Presentation on theme: "C HAPTER 1.1 Analyzing Categorical Data. I NDIVIDUALS AND V ARIABLES Individuals are the objects described by a set of data. Individuals may be people,animals,"— Presentation transcript:
C HAPTER 1.1 Analyzing Categorical Data
I NDIVIDUALS AND V ARIABLES Individuals are the objects described by a set of data. Individuals may be people,animals, or things. A variable is any characteristic of an individual. A variable can take different values for different individuals. Categorical Variable: Places an individual into one of several groups or categories. It does NOT make sense to find the “average” of the variable Quantitative Variable: Takes numerical values for which it makes sense to find an average.

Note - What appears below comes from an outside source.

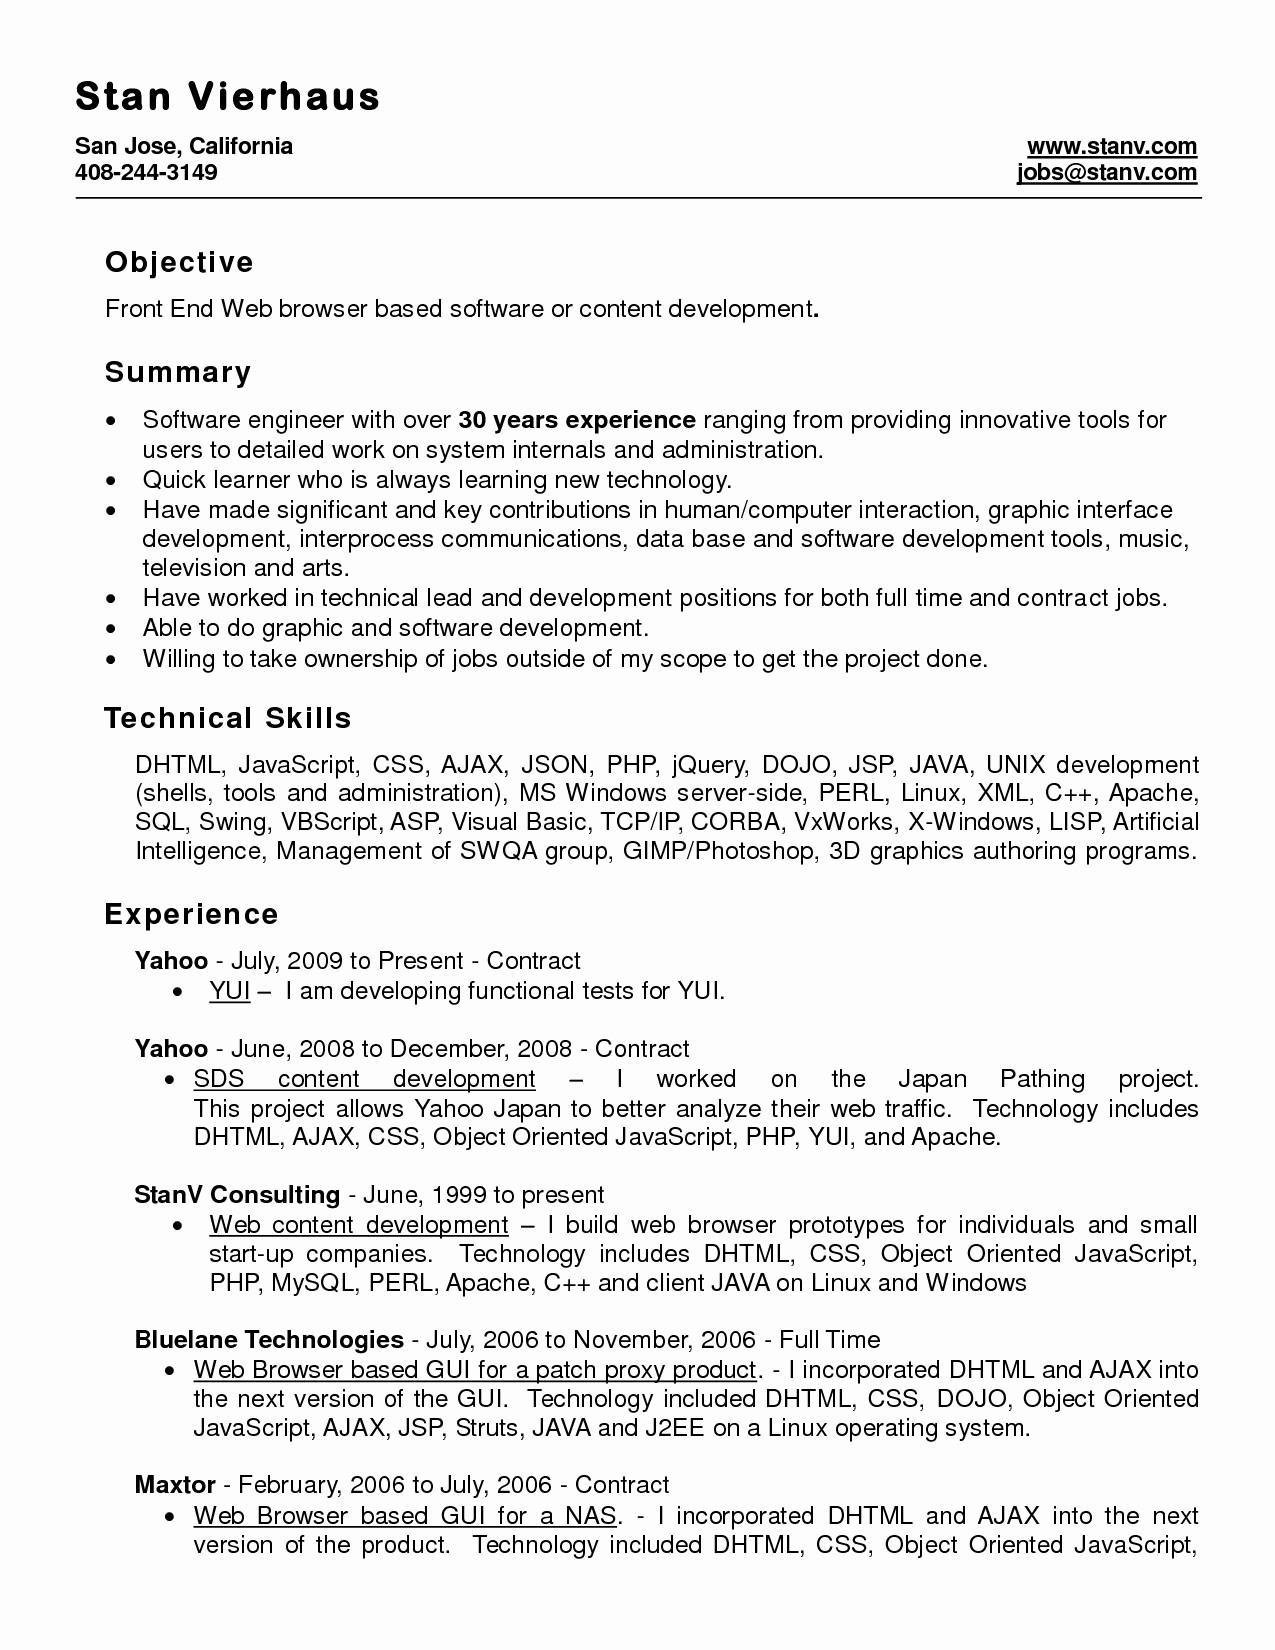 Professional Resume Template Microsoft Word Awesome Resume Template Microsoft Word 2017

In practice, any set of data is accompanied by background information that helps us understand the data. When you first meet a new data set, ask yourself the following questions: Who are the individuals described by the data? How many individuals are there? What are the variables? In what units is each variable recorded? Weights, for example, might be recorded in grams, pounds, thousands of pounds, or kilograms. We could follow a newspaper reporter’s lead and extend our list of questions to include Why, When, Where, and How were the data produced? For now, we’ll focus on the first two questions.
(a) Who are the individuals in this data set? (b) What variables were measured? Identify each as categorical or quantitative.In what units were the quantitative variables measured? (c) Describe the individual in the highlighted row. We used the site censusatschool.com ‘s “Random Data Selector” to choose 10 Canadian students who completed a survey in a recent year. The table below displays the data.
The distribution of a variable tells us what values the variable takes and how often it takes these values. Graphs are often used to see the “shape” of a distribution where we can identify patterns or deviations in the data. HOW TO EXPLORE DATA Begin by examining each variable by itself. Then move on to study relationships among the variables. Start with a graph or graphs. Then add numerical summaries.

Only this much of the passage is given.